Так что, господа и дамы, вы можете идти длинной и кружной дорогой честных побед и благородных поражений, а я пойду короткой кривой лесной тропиночкой. И посмотрим потом, на финише, кто первым придет, при этом еще и с наименьшими потерями.
А если мои мысли кажутся кому-то крайне неприглядными и склизковатыми… Подойдите к зеркалу и посмотритесь в него — так ли я неправ? Или вы всегда и всем говорите правду, поступая, так как должно, смело и отважно двигаясь по жизни путем чести? Так в чем же наше отличие? Только в том, что я говорю об этом, а вы нет?
— Ну, какое решение принял? — поторопил меня Сэмади. — У меня сегодня еще кое-какие дела есть, я не могу до рассвета ждать ответа от тебя.
— Идет, — кивнул я. — Если будет шанс вытащить из Великого Ничто еще одного бога, то это будет Чемош.
— Нет-нет. — Сэмади слез с кресла и подошел ко мне. — Так не пойдет. Дело это серьезное, нешутейное — о богах речь идет, не о хрене собачьем. Тут нужна клятва, и не абы какая — а на крови.
— Фиг, — немедленно возразил я. — На крови клясться не буду.

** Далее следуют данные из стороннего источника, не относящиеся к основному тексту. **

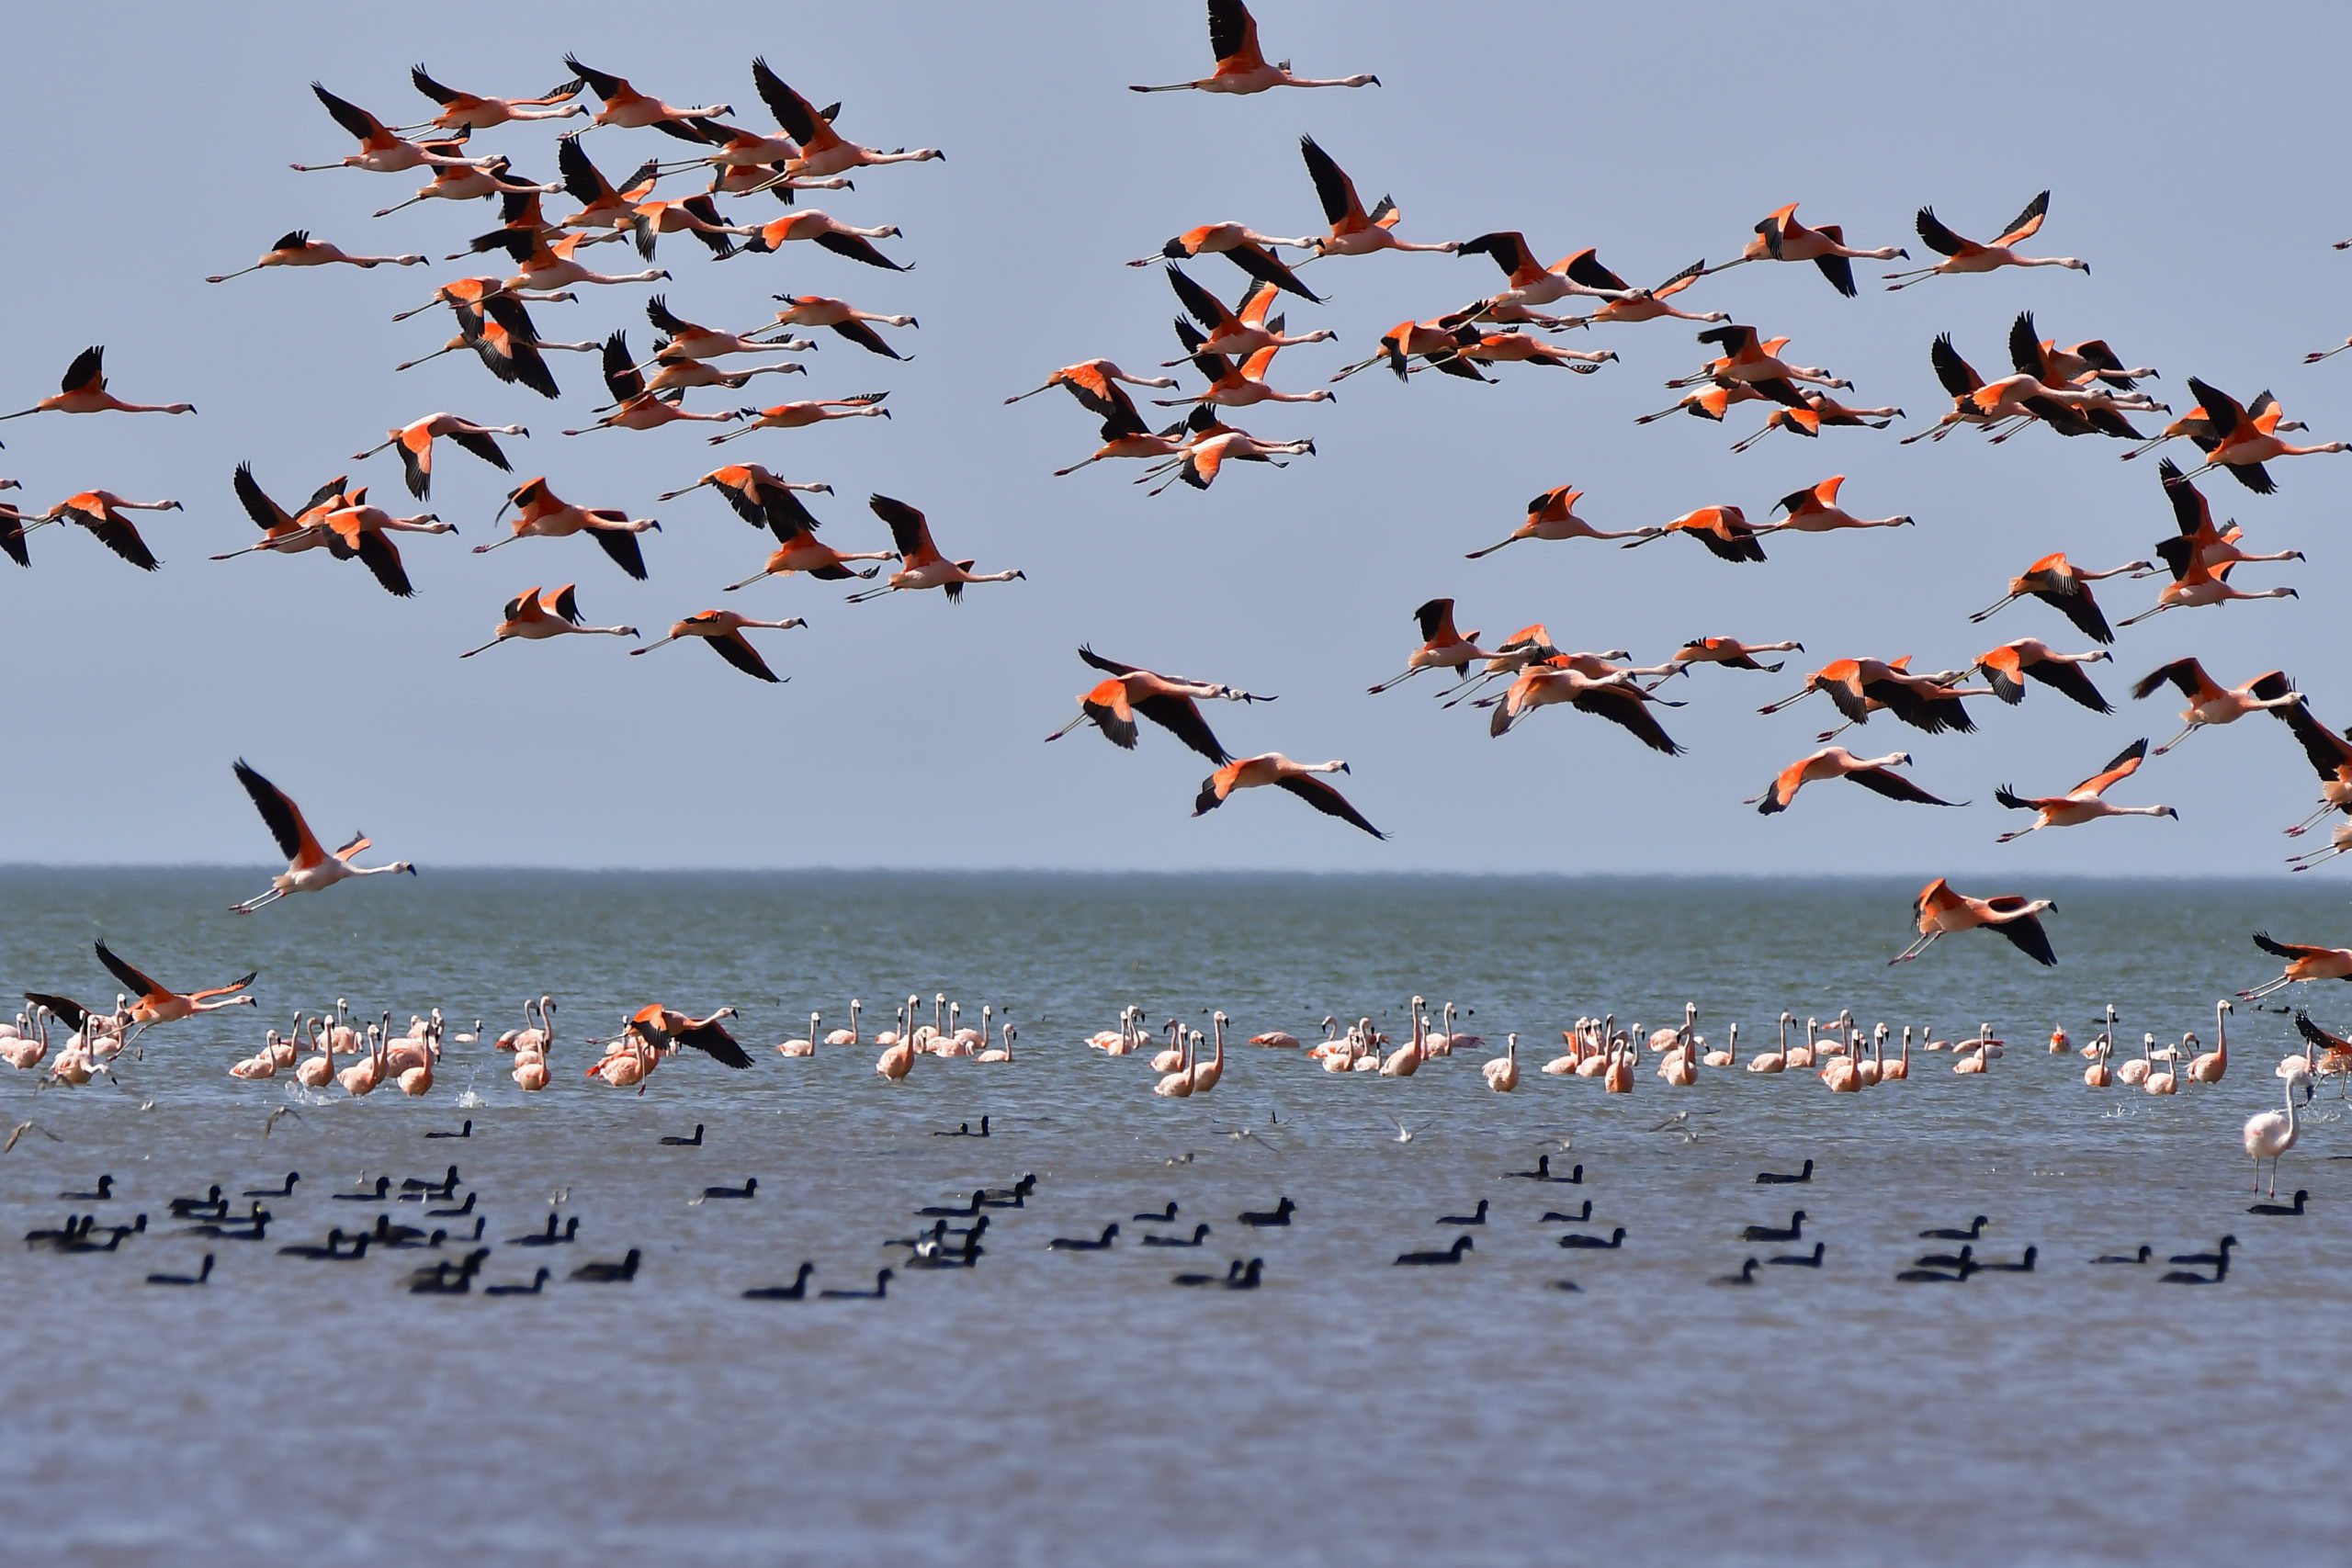 Una bandada colorida de flamingos toma su vuelo mientras otros flamingos se mantienen quietos a la distancia en medio de este espacio azul. Lago con una bandada de pájaros oscuros flotando en primer plano
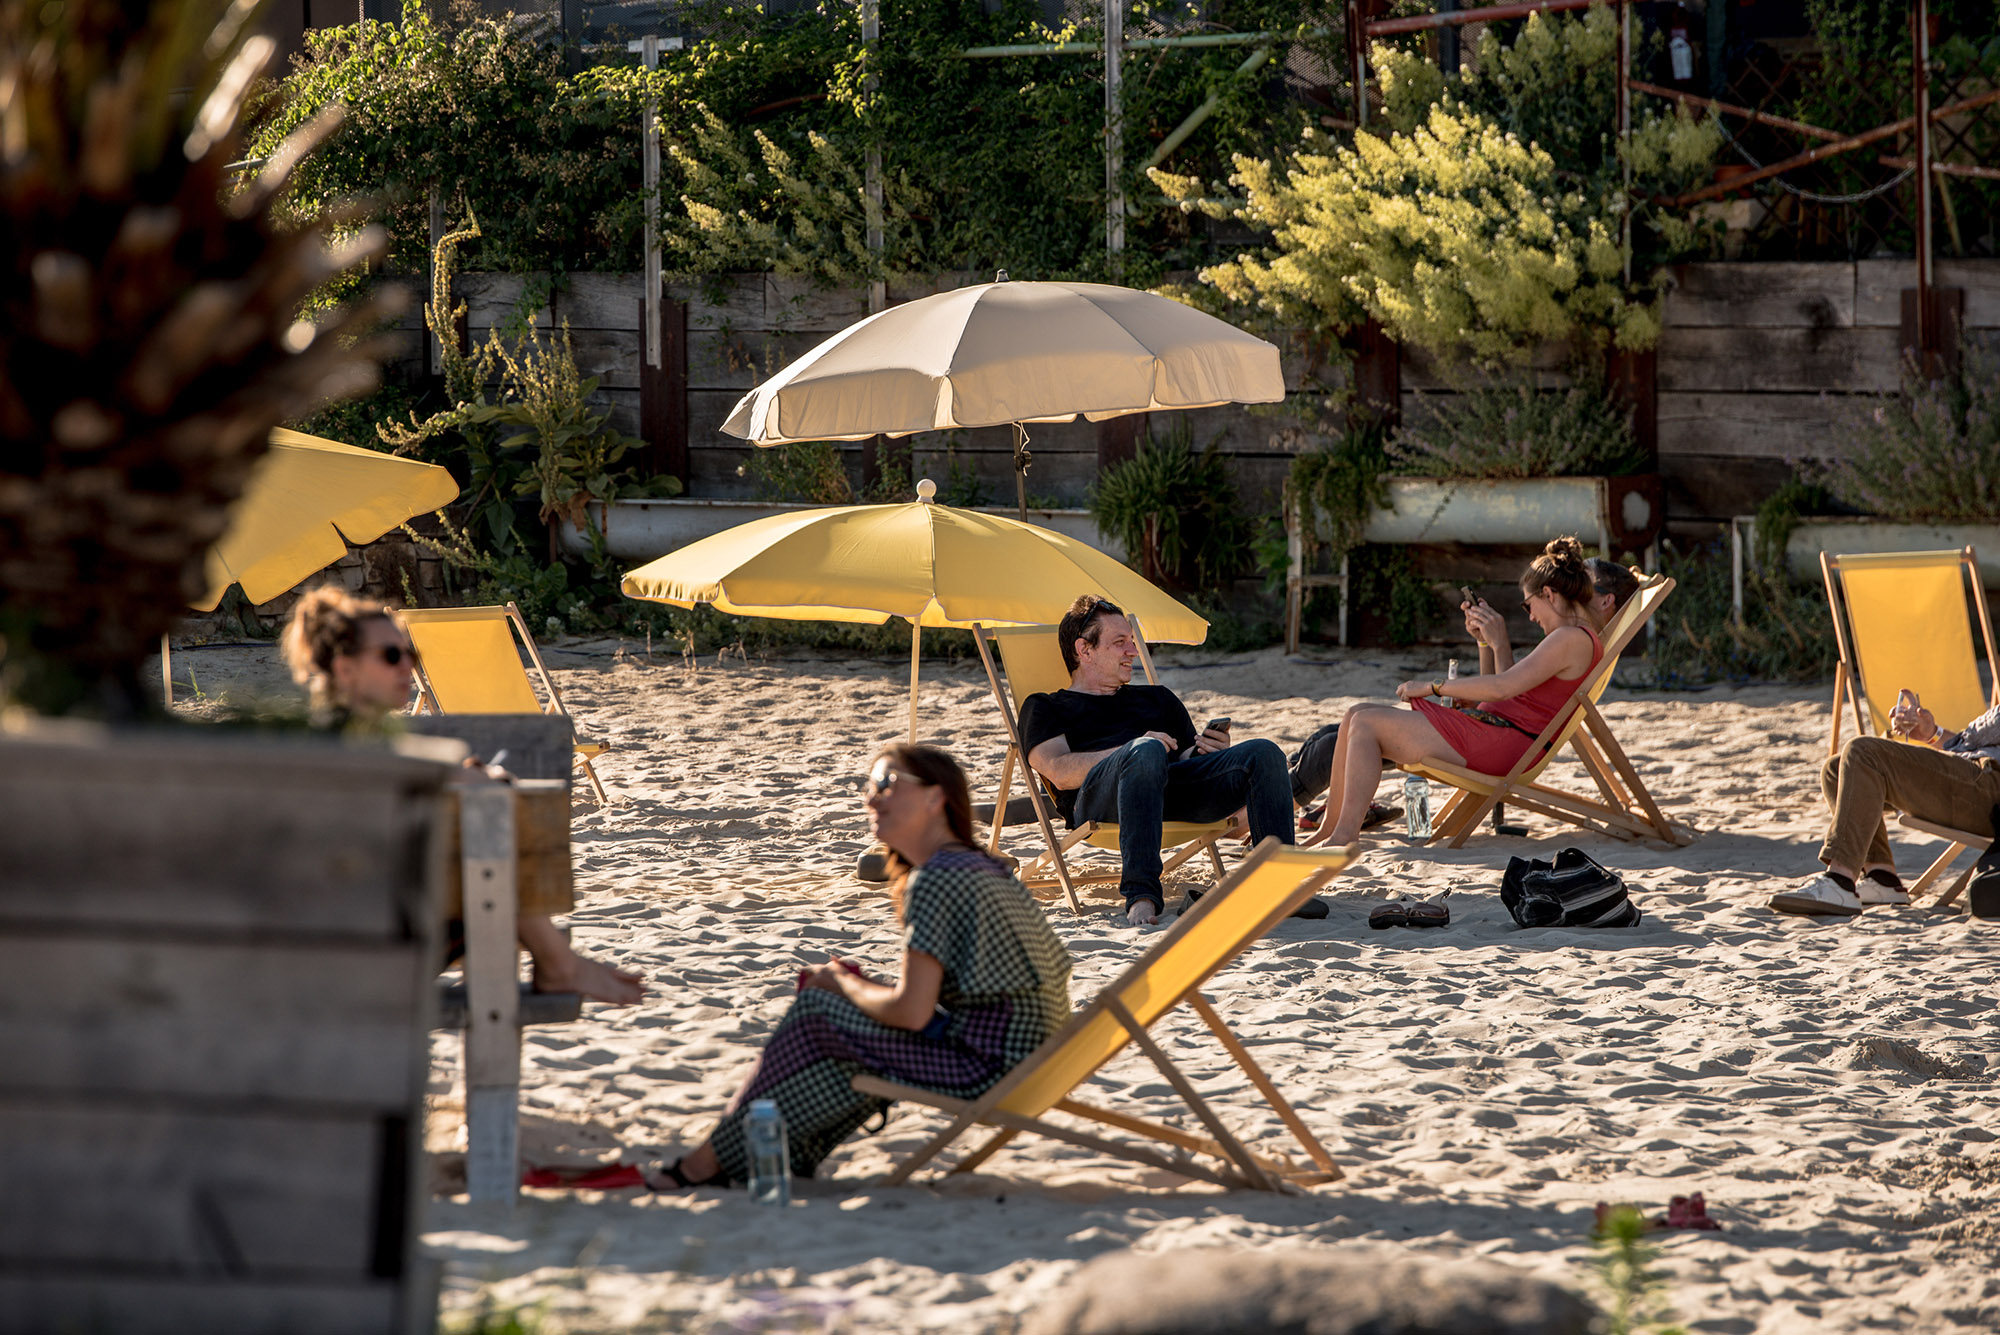 Sommerliche Stimmung auf dem Gelände der Malzfabrik – Menschen sitzen auf Stoffklappstühlen unter Sonnenschirmen am Stand.

Если я чего и усвоил из своих последних приключений, так это то, что кровь для мертвых — это святое, и давать им ее в руки всегда верх глупости.
— Ну вот, научил на свою голову уму-разуму, — расстроился Сэмади. — А так славно было начали договариваться!
— Я поклянусь именем богов, — предложил ему я. — Ты же понимаешь, что даже сейчас нарушать такую клятву — это все равно что с разбегу прыгать со скалы?
— Так-то оно так, — уклончиво ответил Сэмади. — Но… Ладно. Вот был бы на твоем месте кто другой — не согласился бы на это, ей-ей, не согласился. Но ты мне как родной уже стал, тебе я верю.
— Трогательно, — смахнул я из уголка глаза несуществующую слезинку.
— Но в качестве компенсации ты сделаешь для меня одну вещь, — продолжил Сэмади. — Ты возьмешь меня с собой тогда, когда будешь проводить ритуал возвращения.
Вот для чего ты все это затеял. Хитрюга Барон, как всегда, все разыграл как по нотам. А я согласен, почему бы и нет. Что-то мне подсказывает, что, когда дело дойдет до этого ритуала, там не только я и он будем. Не знаю почему, но мне так думается, и лишний лояльно настроенный ко мне союзник мне там не помешает.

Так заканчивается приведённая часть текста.